Degenerative Disc Disease

What Is Degenerative Disc Disease?

Normal aging is usually the process associated with the degeneration (breakdown) of the components that make up the spine. All of us eventually have these changes which may or may not cause discomfort. “Degenerative disc condition” may be a better term for this process. Involvement of the disc can, in some cases, cause neck or back pain and/or radiating symptoms into the arms or legs.

As we age, the vertebral discs (the cushions between the bones of the spine) lose height and “bulge” at their sides. Sometimes they tear and allow the inner part of the disc to protrude. This is a herniated (sometimes called a ruptured) disc. Both the bulging and herniated discs can contact the nearby nerve, causing pain.

Common Causes

By far, the most common cause of degenerative disc disease is aging. Trauma and some diseases can contribute to degenerative disc disease as well.

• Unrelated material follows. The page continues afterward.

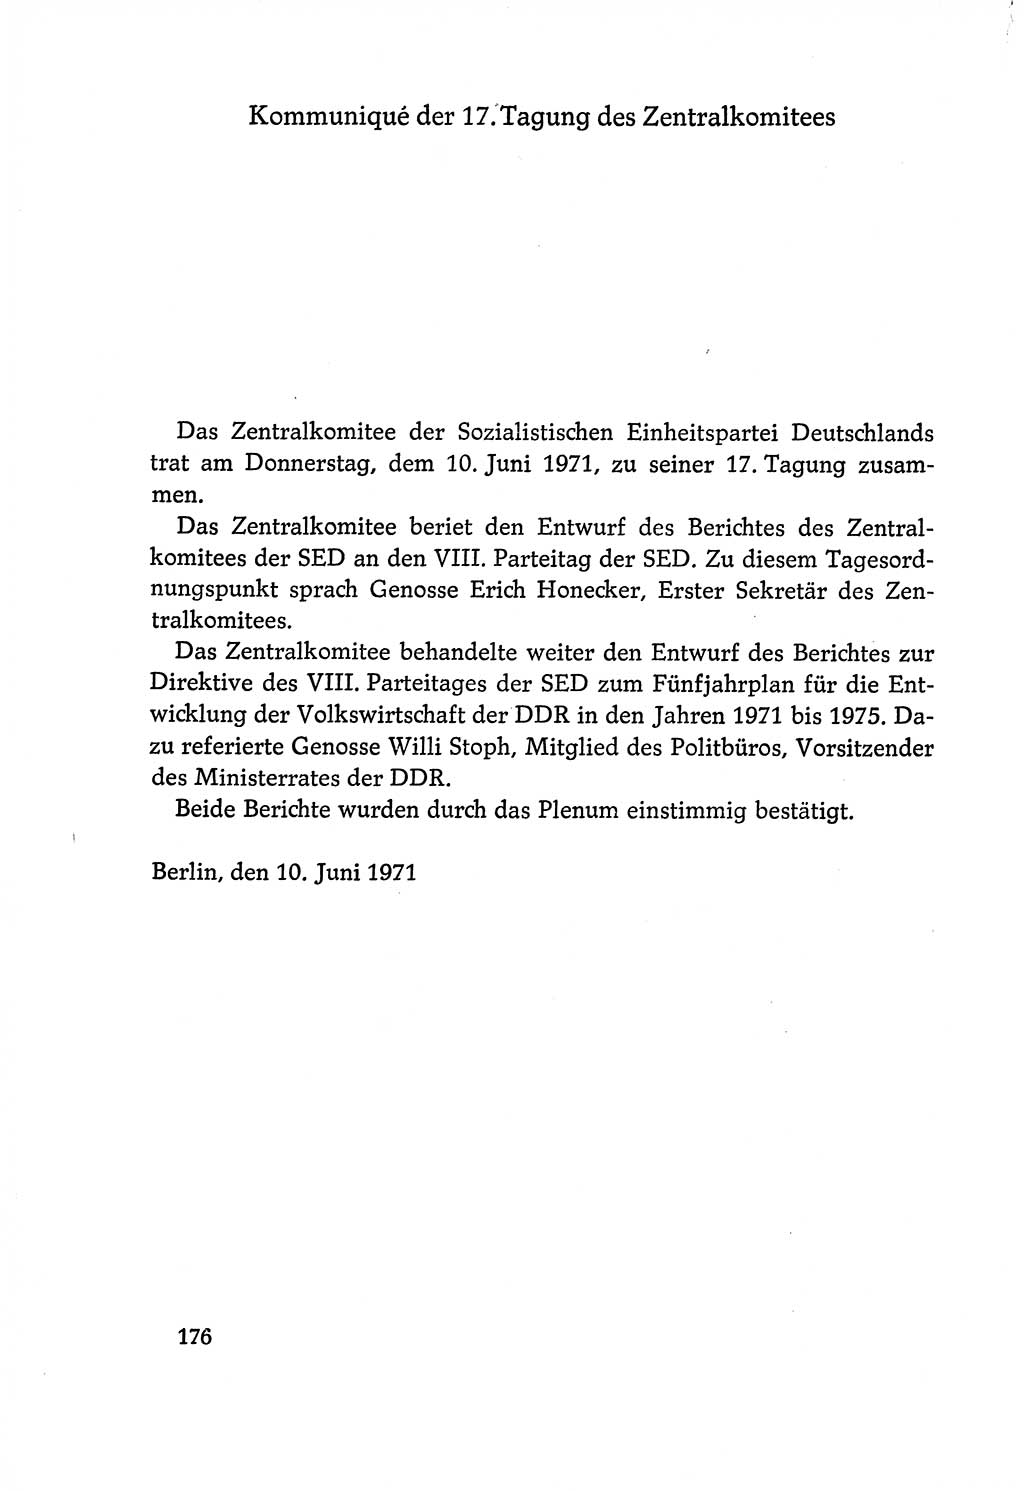 Dokumente der Sozialistischen Einheitspartei Deutschlands (SED) [Deutsche Demokratische Republik (DDR)] 1970-1971, Seite 176 (Dok. SED DDR 1970-1971, S. 176)

To receive a diagnosis, a qualified musculoskeletal expert will first take a medical history and conduct a physical exam. In some cases diagnostic tests such as x-rays, MRIs or other radiological tests may be ordered.

Severe disc degeneration can cause a decrease or loss of bowel or bladder control or numbness of the saddle (groin) area. Prompt medical attention is required in the case of these findings.


Symptoms of degenerative disc disease are commonly mild and tend to progress in intensity over time. Regular participation in an exercise program may improve mobility and function and decrease pain. Guidance by a physical therapist will help to establish an appropriate program. Yoga and Pilates as well as weight training and aquatic exercise (to name a few) can be very helpful. Massage, acupuncture, and other non-surgical treatments are also often effective. Oral non-steroidal and steroidal anti-inflammatory medication is frequently prescribed. Application of heat and cold can also provide help.

Surgical treatment of advanced degenerative disc disease is appropriate in some cases. There are a number of surgical procedures to consider and a discussion with a surgeon will identify the best option.